ГЛАВА ТРЕТЬЯ. СРОК: ДЕСЯТЬ ЧАСОВ ВЕЧЕРА

* * *
   Сереже Воронцову снились кошмары. Ему снился кошмар, что нежданно-негаданно он перенесся из своей занюханной провинциальной квартиры в роскошные апартаменты, белые, пустые, как огромные сводчатые палаты элитной психиатрической клиники. Он шел по ним крадучись, придерживаясь рукой за белые стены, а стены выскальзывали из-под пальцев, уходили белыми парусами-панелями в стороны, и далеко-далеко, опережая Сережины ступни, разбегались, как тараканы, гулкие Сережины же шаги.

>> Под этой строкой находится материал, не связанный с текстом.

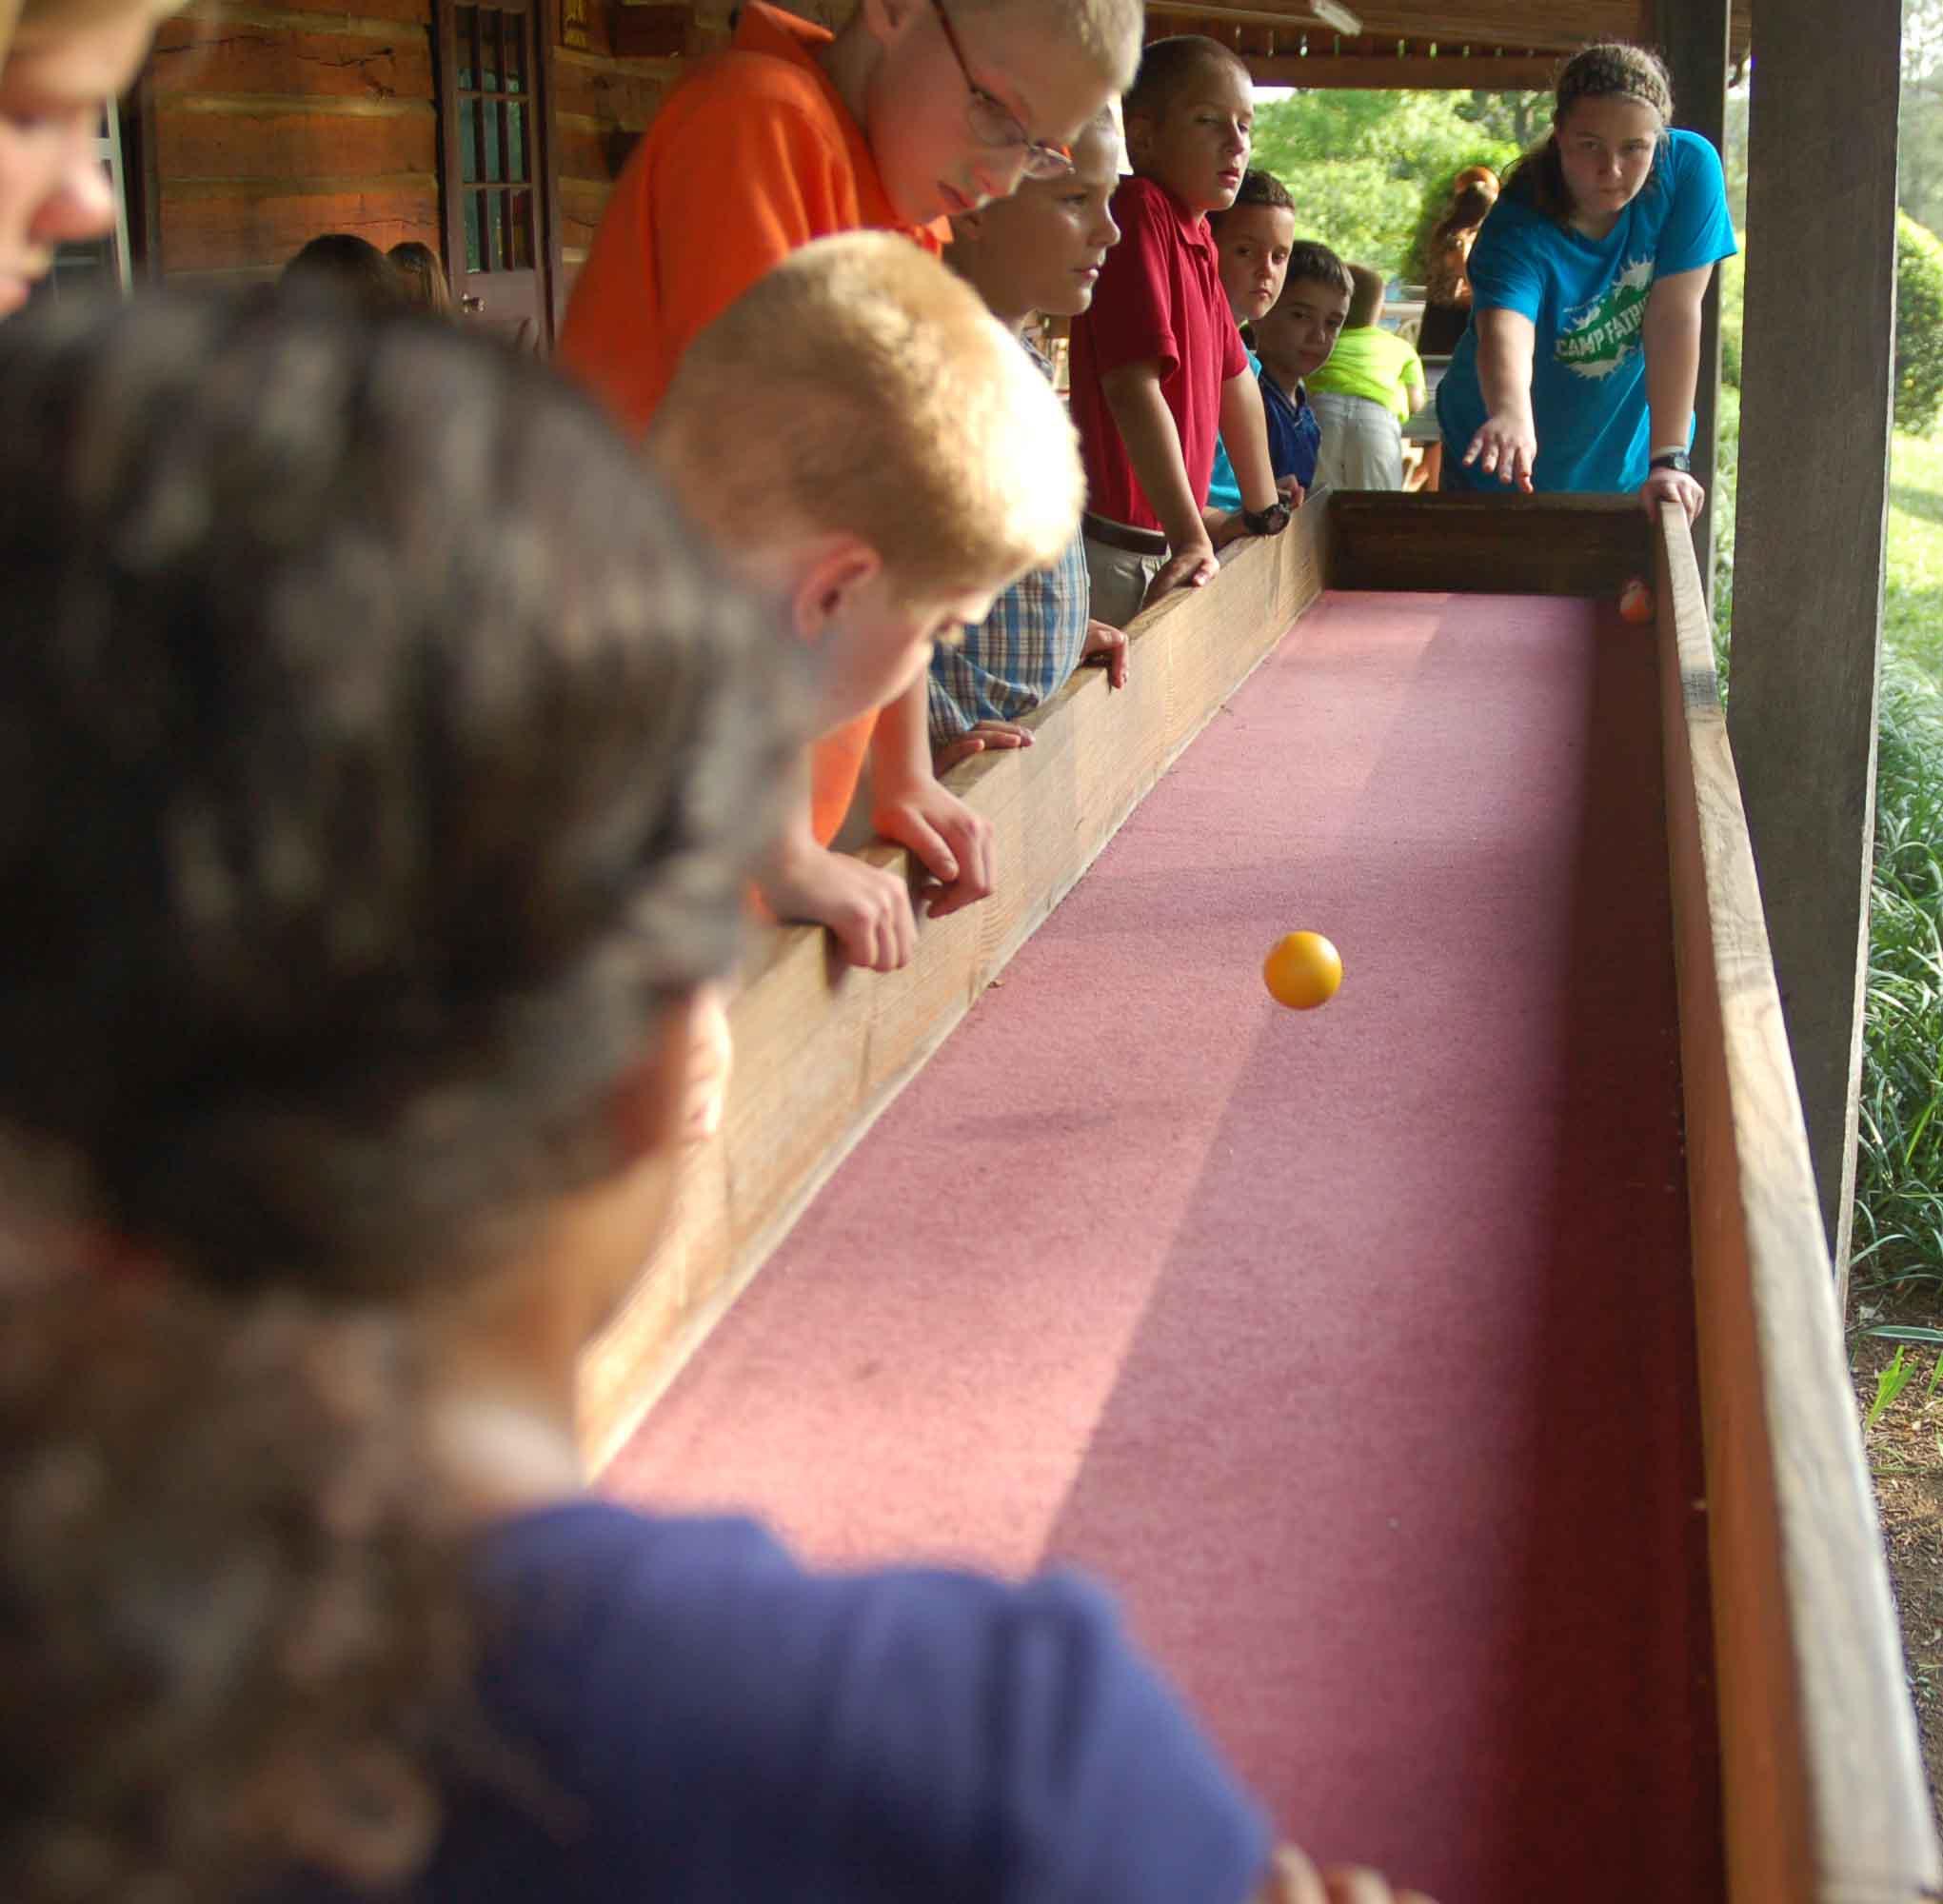 camp fairview carpet ball - Carpet Ball Table

   Воронцов дернулся всем телом и проснулся.
   — Черррт… — пробормотал он и открыл глаза. Потом снова закрыл и снова открыл, но то, что он увидел, не исчезло: огромная фосфоресцирующая пластина потолка испускала слабые сполохи, и созадавалось впечатление, словно за стеклом ворочается огромный живой студень сине-зеленых морских тонов.
   В тот момент, когда Сережа сел и увидел, что он сидит на огромном белом кожаном диване, потолок вспыхнул ярко-белым, и в огромном помещении, в котором нашел себя Воронцов, стало ослипетельно-светло. Или это все показалось Сергею спросонку?…

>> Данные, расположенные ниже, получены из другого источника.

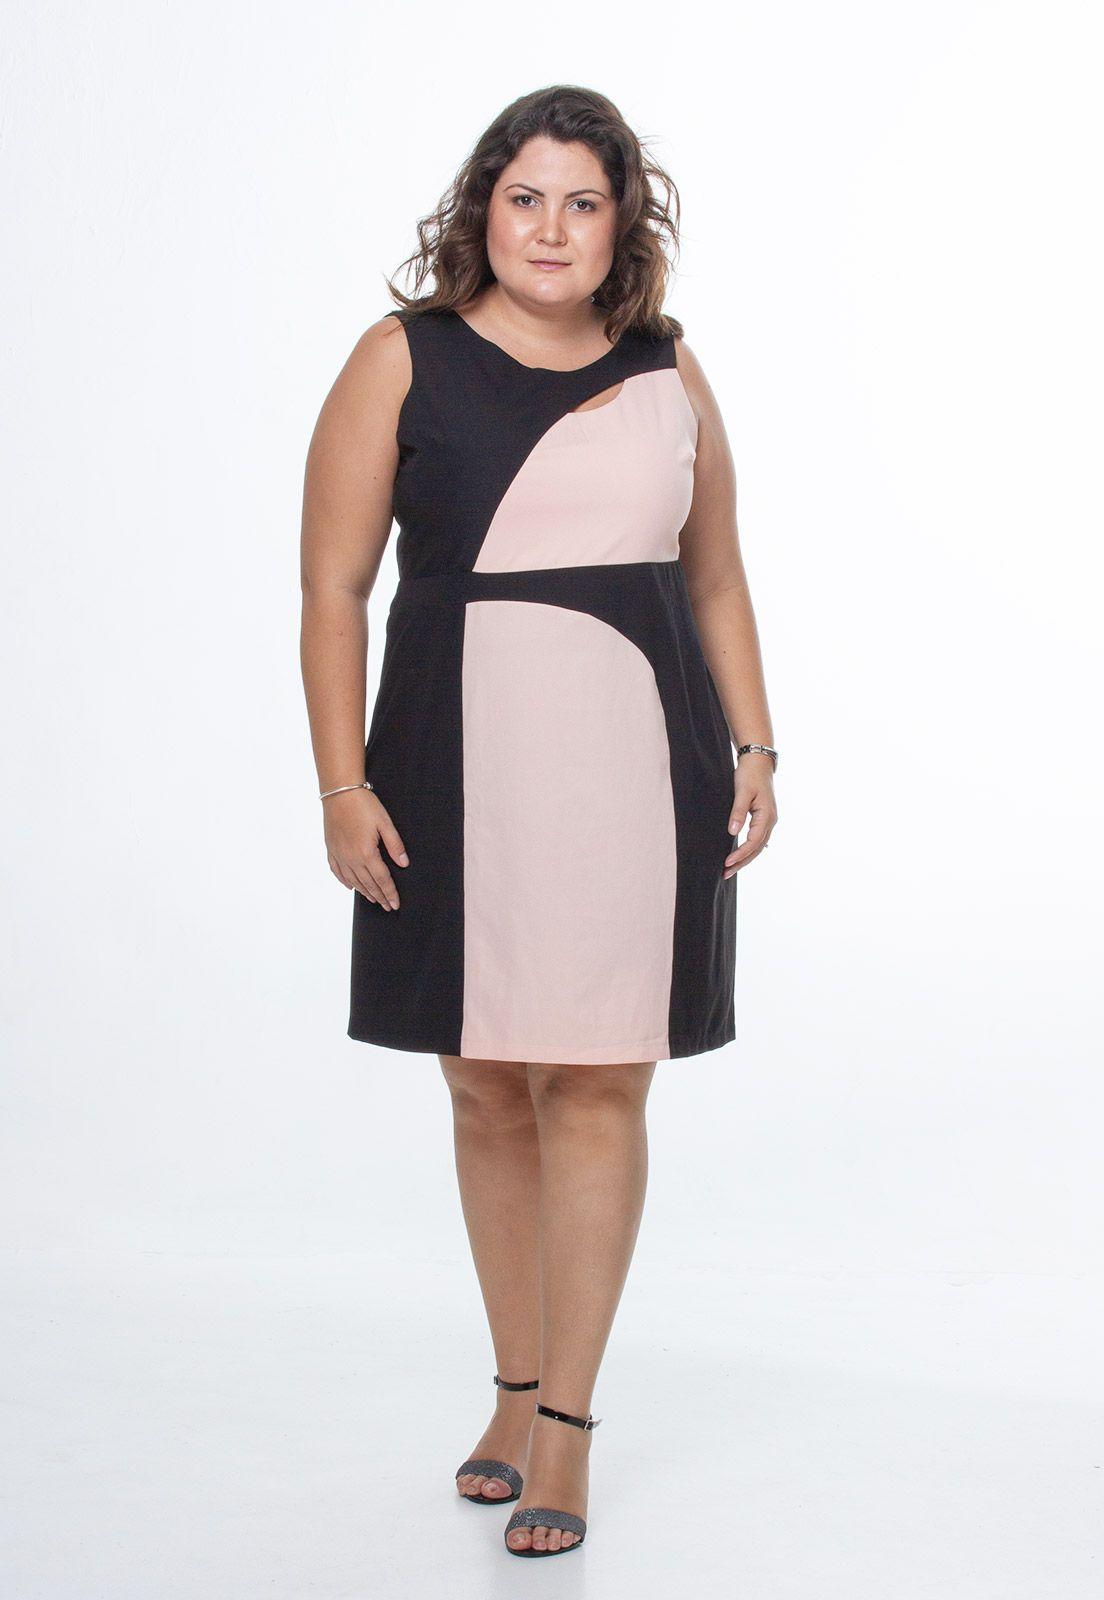 Vestido tubinho com recorte preto e rosa plus size

   — Нет, это не сон!.. — простонал он. — У-у-у, бляха-муха!
   За спиной ему почудилось движение, и он медленно повернул голову. Там стоял огромного роста парень, в котором Сережа, напружинив мозговые извилины, не без труда идентифицировал вчерашнего Диму. А за Димой стоял Романов.

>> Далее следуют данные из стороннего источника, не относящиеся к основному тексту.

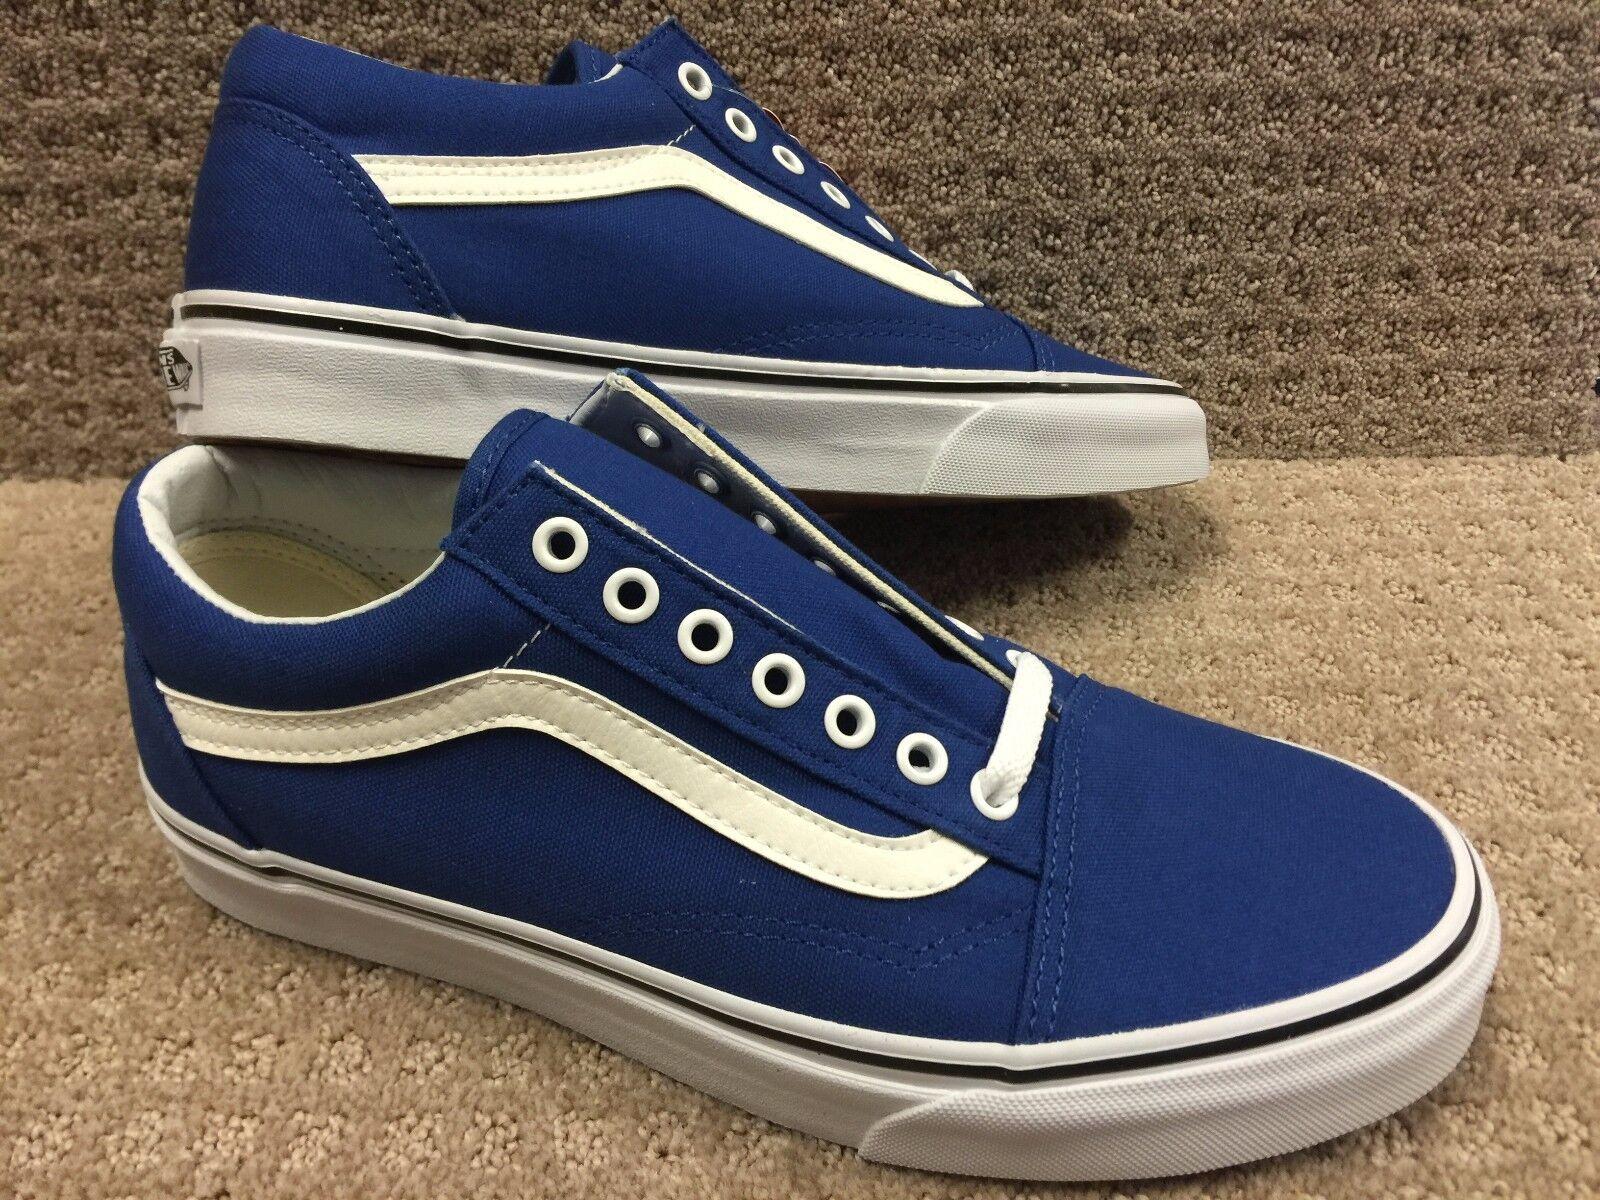 Vans Men's shoes's  Old Skool  -- (Canvas) True bluee

   — Н-да-с, драгоценный Андрей Львович, — сказал мистер Очковая Змея, — по слухам, ты вчера давал незапланированный концерт?
   — К-какой концерт? — слабо пискнул Сережа.
   — Рассказки всяческие ребятам рассказывал, — продолжал Сергей Борисович, — про папу-сантехника и все такое. Вообще, конечно, психика у тебя несколько неадекватная. Ну, да это не по моей части, психика-то. Ты в курсе, Сережа, что у тебя сегодня премия «Аполло». По слухам, тебе могут дать сразу по трем номинациям: «Альбом года», «Открытие года»…ну и еще что-то там, это Борис Борисыч твой должен хорошо знать.
   — Какая еще премия? — разлепив сухие губы, выговорил Сережа. — Хреново мне.
   — Еще бы тебе не хреново было, — продолжал щебетать Романов, — ты же вчера, брат, столько всякой разной гадости употребил, что мало никому не покажется. Даже средних размеров гиппопотаму. Так что вот так. Ты же еще с Фирсовым подрался. Жену его что-то там притиснул… оно, конечно, сучка не захочет — кобелек не вскочит, но…
   Сережу так подкинуло на диване, и он рванулся к Романову:
   — А ну, завали табло, козел!!
   Дима перехватил уже направленный в физиономию Сергея Борисовича карающий кулак Воронцова и мягко, но с силой, отвел его руку. Сережа метнул в Романова ненявидящий взгляд и прошипел:
   — Ничего… доберусь я до вас!
   — Дай человеку похмелиться, — недовольно сказал Романов и, решительно чеканя шаги, направился к выходу из квартиры. Захлопнув за собой дверь, он вынул трубку и, быстро нашлепав на тастатуре длиннющий номер, выговорил:
   — Алло… Алексей? Ну что, никаких новостей?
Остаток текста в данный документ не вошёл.